The new migration altered the political compact, which had been partially adversarial, so that Bishop Lartigue was unsure how to consider the new arrivals or how to conduct himself among them. In his heart he could no longer think of them as
les maudit anglais
with an abiding conviction.
He pushed himself out of bed and carried the immensity of his girth to the door, where, languidly, he scratched his belly and, stretching, indulged in a flagrant yawn. He wore only his white nightdress and the small gold cross on a chain that hung from his neck. In sleep he would lie modestly attired, secure in his humility should death find him in the night, although five rings sparkled upon his fingers. Over the years his flesh had expanded everywhere
and he had long since forsaken the idea of slipping any ring loose again. The door opened from its centre. He thrust its two halves apart and snapped his fingers. Young priests scurried, as they should, one to draw his bath, another to attend to his breakfast. Another brushed past him to prepare for his grooming and the formality of his dress. A fourth priest, this one not young but grey-haired and sallow, a year from seventy but closer to death, approached with his eyes downcast and kissed the archiepiscopal ring on his right hand, which the bishop extended while gazing absently elsewhere.
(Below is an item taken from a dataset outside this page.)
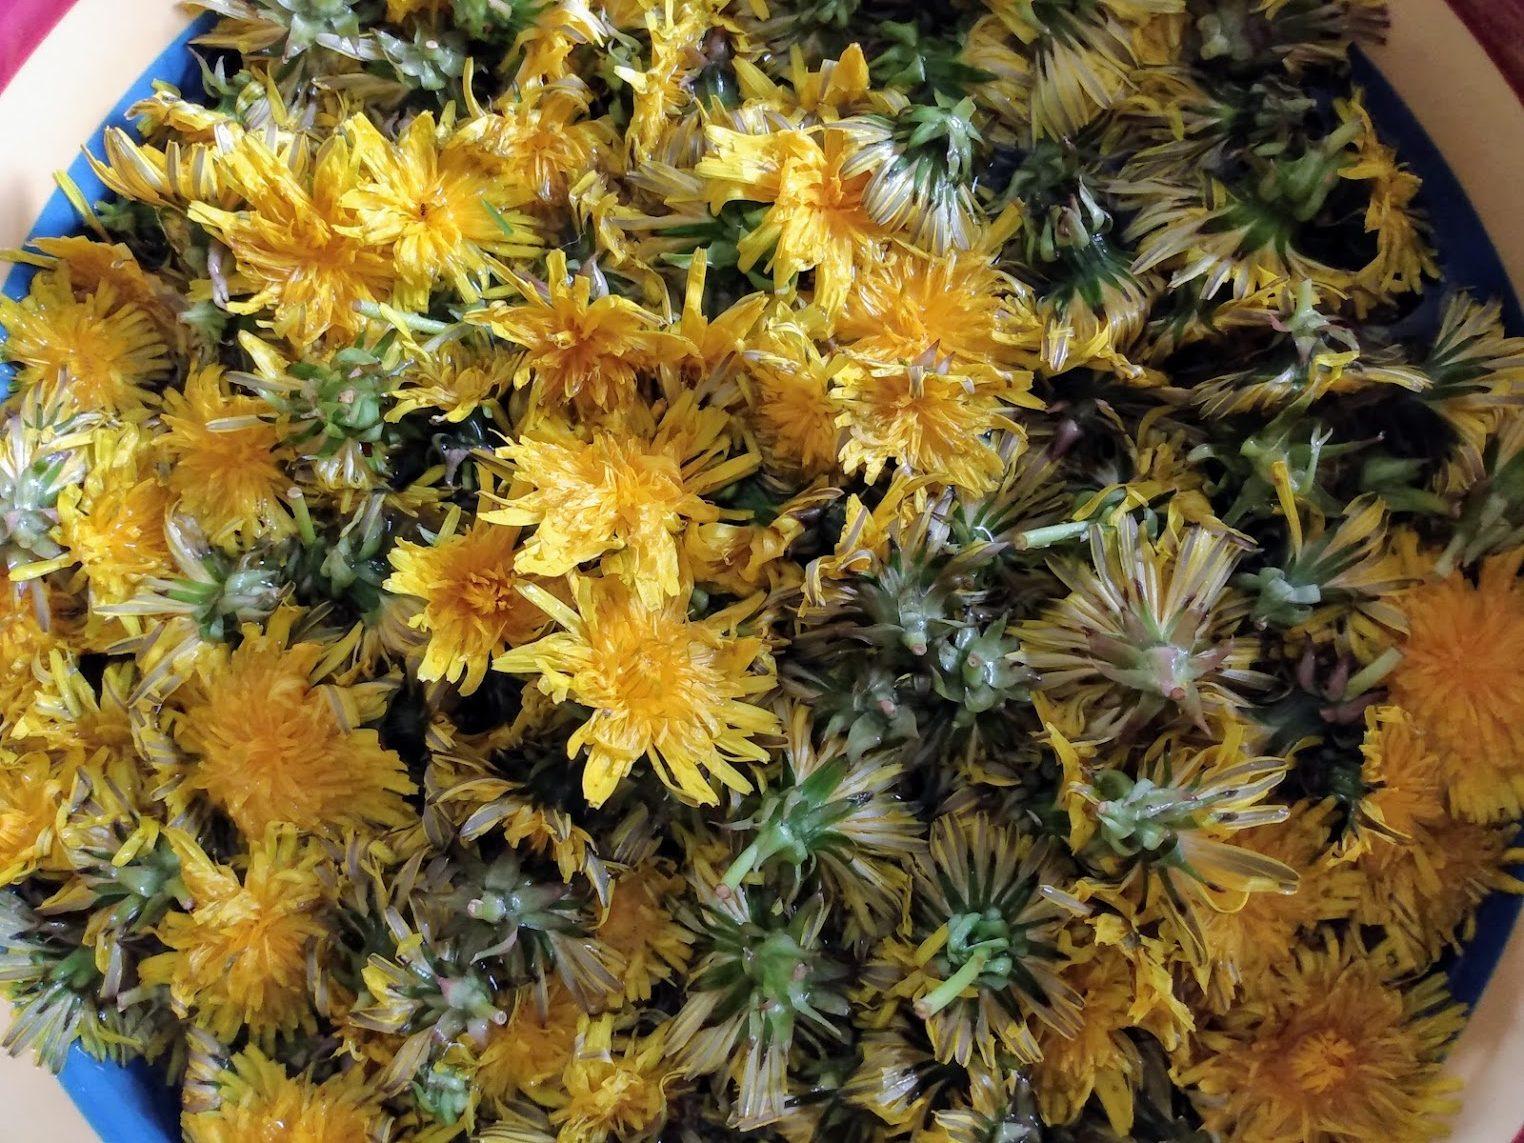 Washing Dandelion Flowers

“Your Grace,” the skinny old priest dutifully, somewhat fearfully, informed him. “More English have arrived. A ship—”
“Yes yes yes,” Bishop Lartigue, in early-morning temper, snarled back. “May I not take my bath in peace? Must you besiege me before my eyes have fully opened!” He took a step toward the man, as though to flail him with an invisible whip.
“Your Grace.”
“You fool!”
Bowing, the secretary-priest retreated, his eyes downcast in supplication … … in the year 1821.
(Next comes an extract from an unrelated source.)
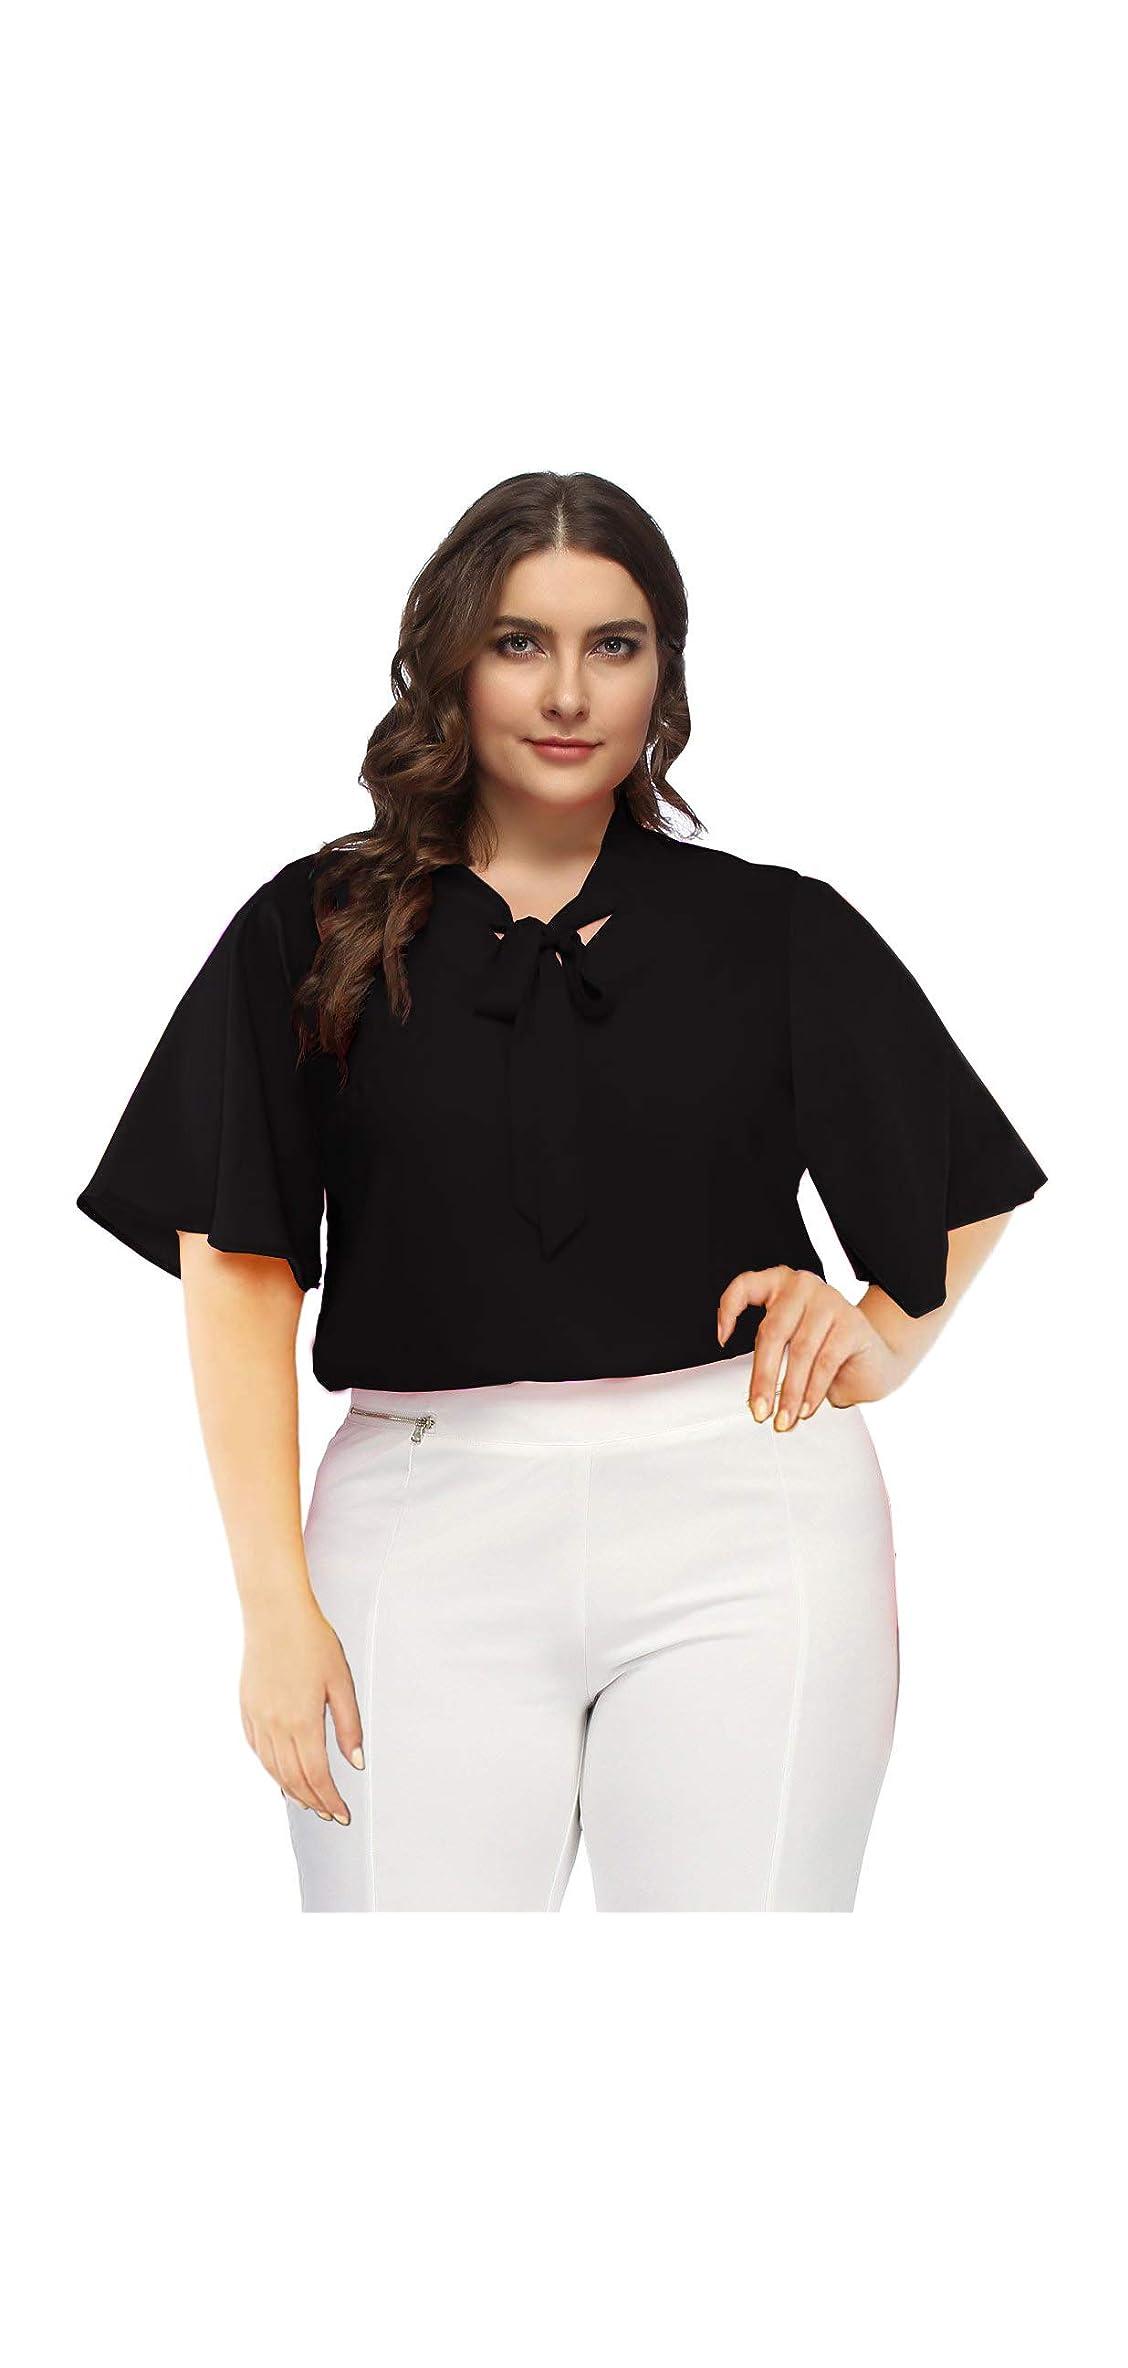 Women Plus Size Chiffon Shirt Bow Tie Neck Office

Drawn by a light nor’easter, pitched against a fair current on the bow, the
Émérillon
plied the river waters cautiously, gaining little more than a half-knot an hour towards the hilly island ahead. Indians at Stadacona had foretold this place, and the French mariner Jacques Cartier knew that he was soon to be confronted by the limit of his exploration for the summer. Cold weather approached, and the Indians had impressed upon him that the island lay surrounded by treacherous rapids. Only the exceptionally brave or the ardently reckless need persevere beyond this threshold, and none by ship.